G.SKill is good. Make sure you get 8GB with a10.


----------



## Cilus (Apr 18, 2013)

Ya, get a single 8 GB module, not 4GB X 2. The later config will eliminate the chance of future Ram upgrade as most of the A55 motherboards come with only 2 ram slots.


----------



## zapout (Apr 18, 2013)

i don't think the system going to use more than 8gb of ram, plus two module will run in dual channel, which will run games better than a single module of ram.

source-
 *www.pugetsystems.com/labs/articles/Optimizing-AMD-Trinity-for-Budget-Gaming-173/


----------



## Nerevarine (Apr 18, 2013)

zapout said:


> guys, computer empire doesn't have "Asus F2A55-M LK2 PLUS" and both smc and computer empire suggested msi board,* to my knowledge msi is packing up from india,* is there any other good shop in nehru place for asus boards?
> and i also need an alternative to the above board, in case, if i couldn't find it.
> Asrock was good but the Asus one was better.



wait .. what ?


----------



## zapout (Apr 18, 2013)

^^they are going to provide after sale service through taiwan, and continue to sell their products in india.
check ur pm


----------



## harshilsharma63 (Apr 18, 2013)

zapout said:


> i don't think the system going to use more than 8gb of ram, plus two module will run in dual channel, which will run games better than a single module of ram.
> 
> source-
> Optimizing AMD Trinity for Budget Gaming - Puget Custom Computers


8 GB ram is highly recommended for an a10 5800k. The ram will be shared between the cpu and IGP, and the IGP alone can sometimes utilize 4GB ram. SO keeping 8GB ram means that 4GB for system and 4 GB for IGP. If you never ever want to upgrade the ram, then you may go for 2x 4GB modules.


----------



## Sainatarajan (Apr 18, 2013)

And 1600 Mhz speed would be even better.(correct me if I am wrong).


----------



## Myth (Apr 18, 2013)

I think 1866 is the sweet spot for a10 5800k.


----------



## harshilsharma63 (Apr 18, 2013)

Myth said:


> I think 1866 is the sweet spot for a10 5800k.

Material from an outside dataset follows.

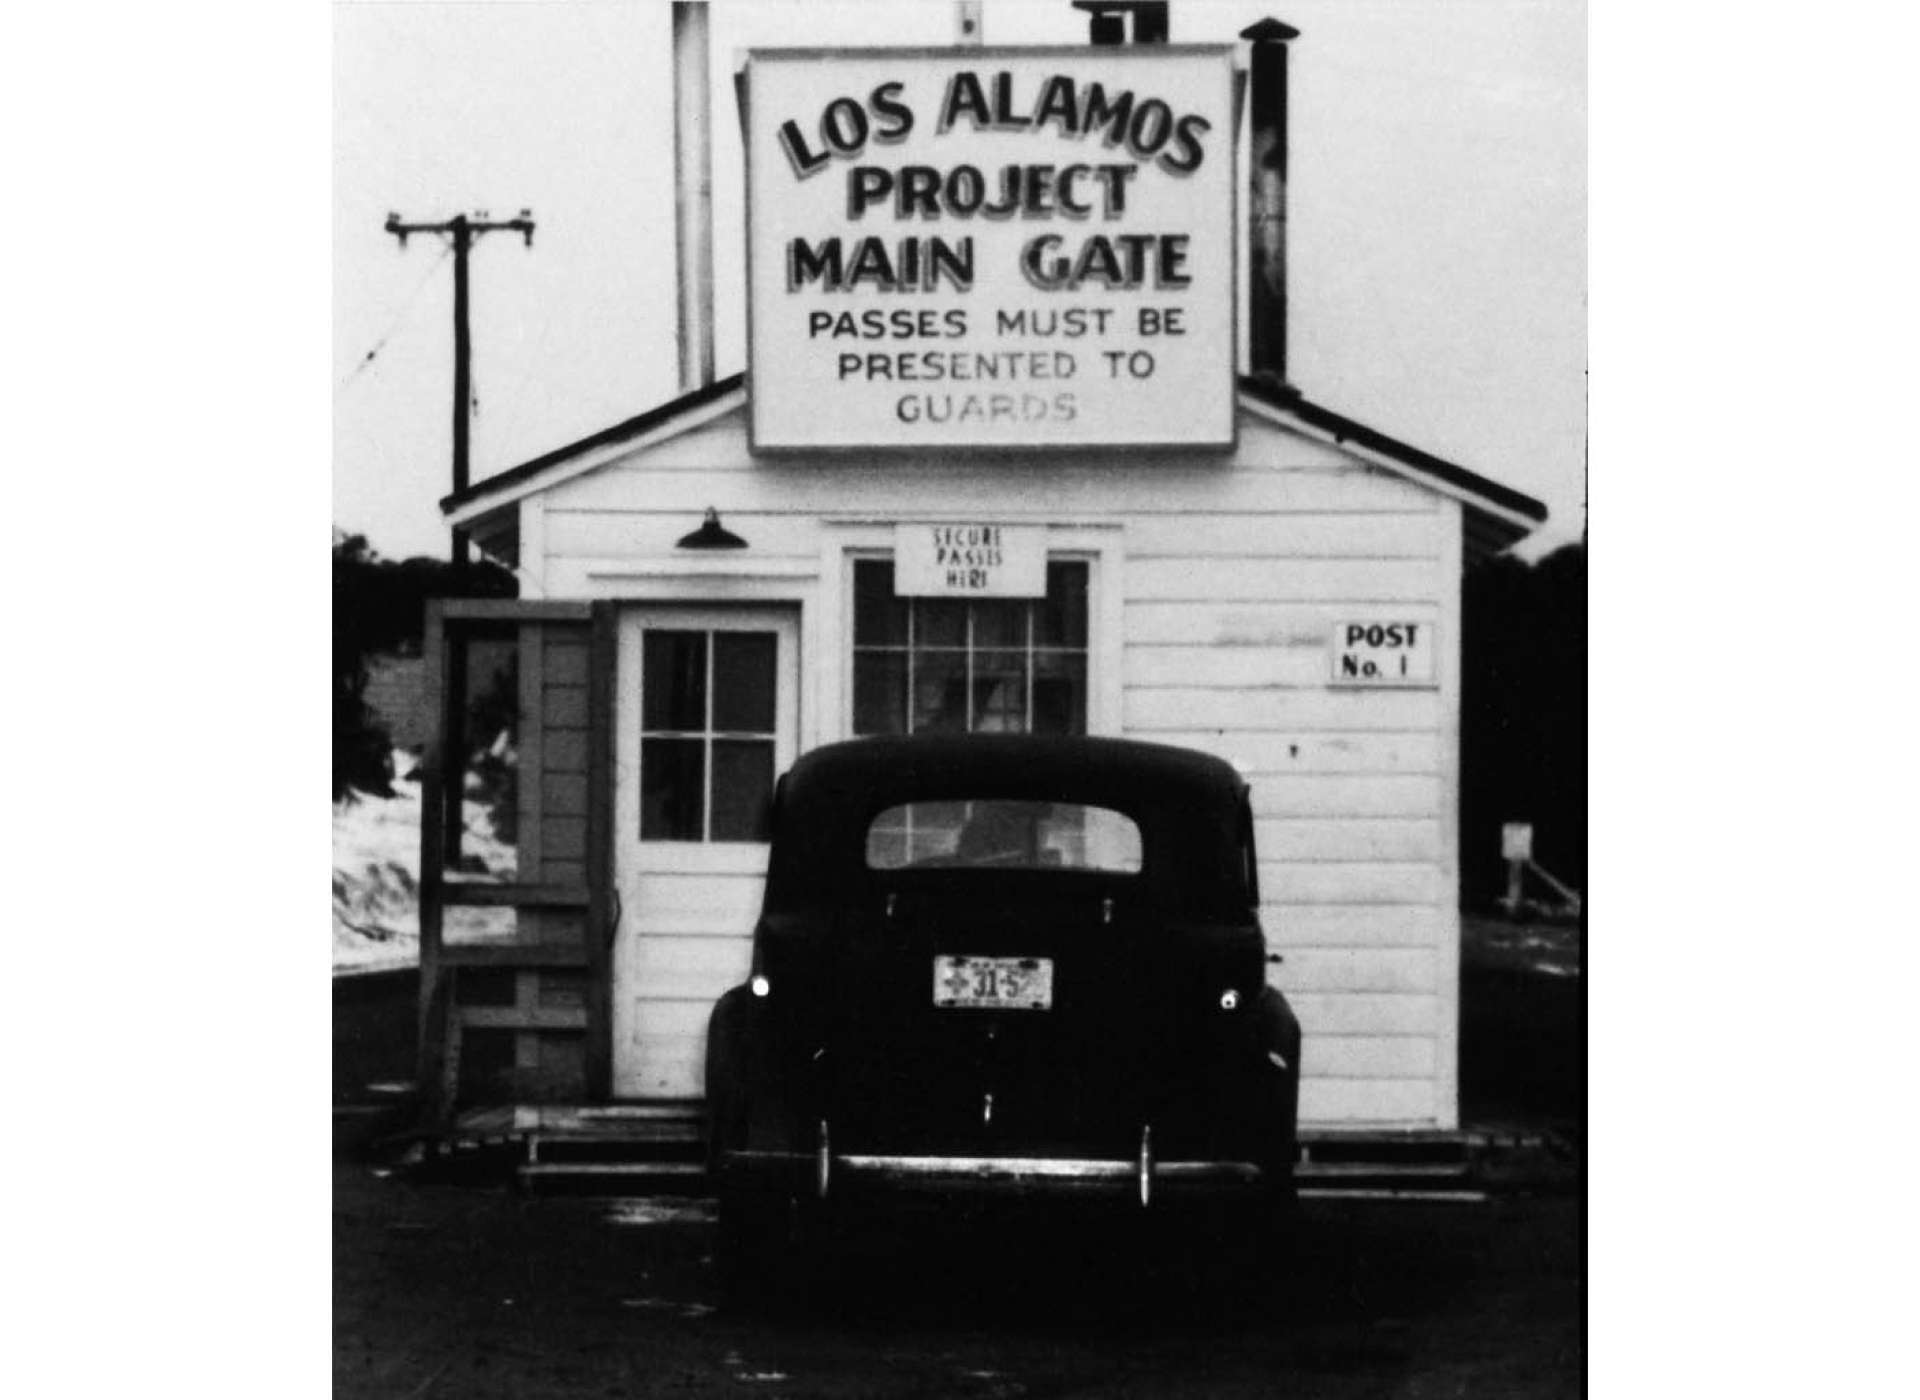 1943 Los Alamos Project Main Gate. Courtesy of Los Alamos National Laboratory.

Better to get 1600MHz ripjawsX and overclock them.


----------



## zapout (Apr 18, 2013)

what is the price of 1866mhz ram stick??,
and how easy is to overclock 1600mhz ram to 1866mhz?
if its as easy as to just clicking and selecting in bios, then its ok with me, if i have to change voltage too then i might not do it.
plus there is the risk of damaging the ram with overclocking.


----------



## zapout (Apr 20, 2013)

thanks everybody for helping me out.
Finally got this system-
Amd a10 5800k
ASUS F2A55-M LK2 PLUS
corsair vengeance ddr3 8gb(4x2) 1600mhz, was unable to find gskill

no software is showing correct temperature of the cpu, only asus utility/bios is showing it correctly.


----------



## ASHISH65 (Apr 20, 2013)

install core temp and see the temps


----------



## zapout (Apr 20, 2013)

this is what core temp showed-


----------



## avinandan012 (Apr 21, 2013)

congrats! nice purchase.
could you please give the prices?


----------



## Sainatarajan (Apr 21, 2013)

OP , nice purchase .


----------



## zapout (Apr 21, 2013)

total damages 16858 Rupees.
cpu-7900, rams-4300(from computer empire)
mobo-4454 includes shipping from Bitfang

and for people planning to buy this mobo, they should know that it has only 4 sata port, this spec is wrong on most of sites.

temps according to asus utility-
*i414.photobucket.com/albums/pp225/borncrysis/Capture2.png


----------